[PATCH] D74731: [Clangd] Fixed assertion when processing extended ASCII characters.
Kadir Cetinkaya via Phabricator via cfe-commits
cfe-commits at lists.llvm.org
Fri Feb 21 01:44:26 PST 2020
kadircet added inline comments.
================
Comment at: clang-tools-extra/clangd/SourceCode.cpp:70
size_t UTF8Length = llvm::countLeadingOnes(C);
- // 0xxx is ASCII, handled above. 10xxx is a trailing byte, invalid here.

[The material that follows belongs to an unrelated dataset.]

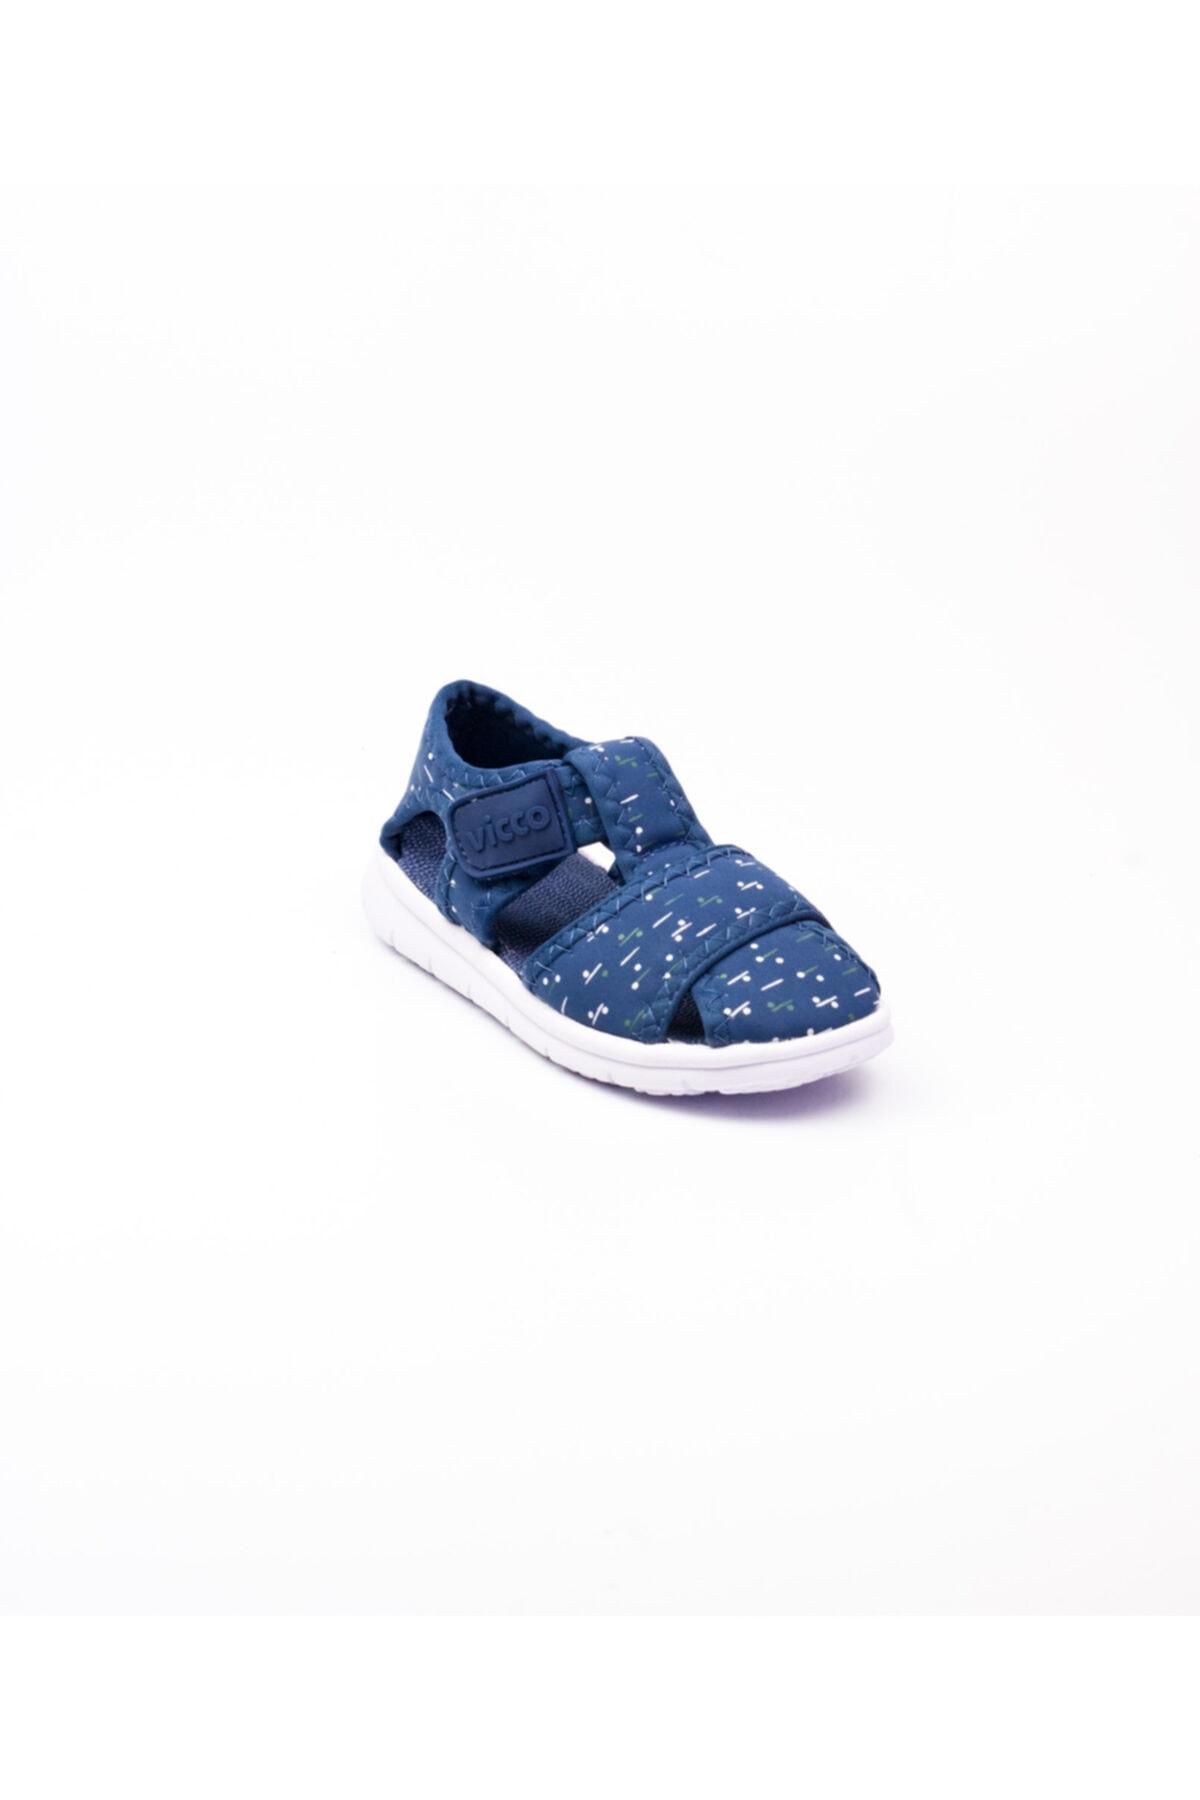 Vicco 332.p20y.306 Lacivert Unisex Çocuk Sandalet Lacivert-30 1
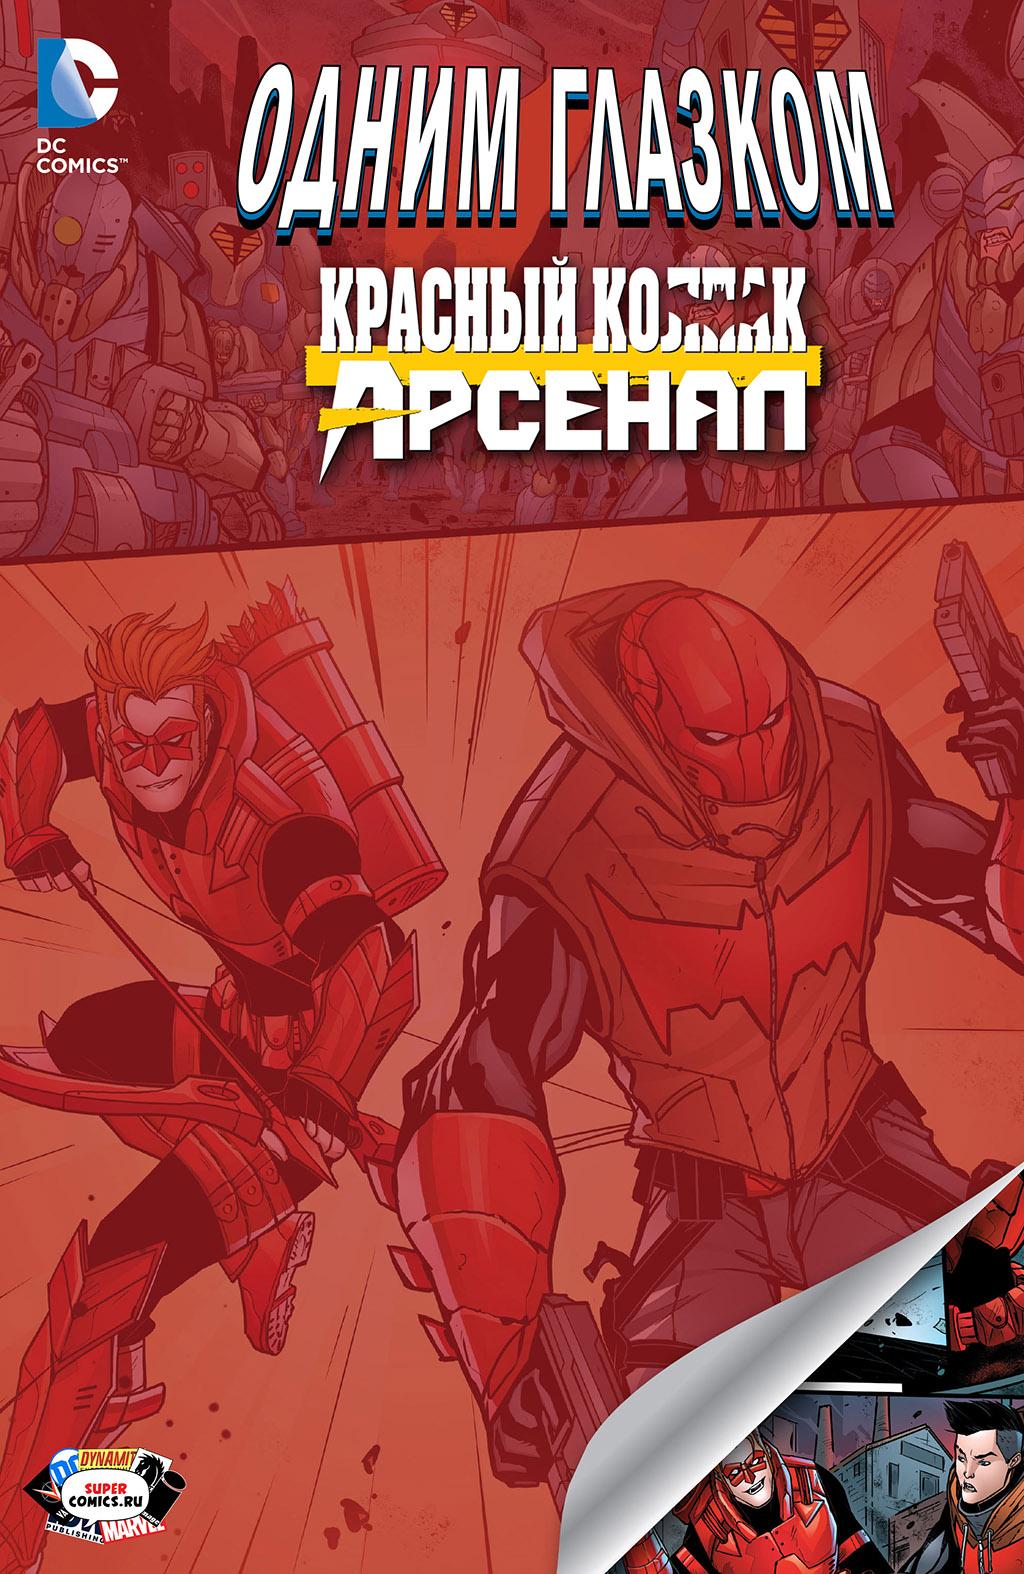 Комикс Красный Колпак: Арсенал

- // 11111xxx is not valid UTF-8 at all. Assert because it's probably our bug.
- assert((UTF8Length >= 2 && UTF8Length <= 4) &&
- "Invalid UTF-8, or transcoding bug?");
I += UTF8Length; // Skip over all trailing bytes.
+ // 0xxx is ASCII, handled above. 10xxx is a trailing byte, invalid here.
----------------
can we also move this into valid case, and only increment by one on the invalid(extended ascii) case ?
as we are trying to recover from extended ascii, and they are 1 byte in length, not multiple.
================
Comment at: clang-tools-extra/clangd/SourceCode.cpp:71
I += UTF8Length; // Skip over all trailing bytes.
- // A codepoint takes two UTF-16 code unit if it's astral (outside BMP).
- // Astral codepoints are encoded as 4 bytes in UTF-8 (11110xxx ...)
- if (CB(UTF8Length, UTF8Length == 4 ? 2 : 1))
- return true;
+ // 0xxx is ASCII, handled above. 10xxx is a trailing byte, invalid here.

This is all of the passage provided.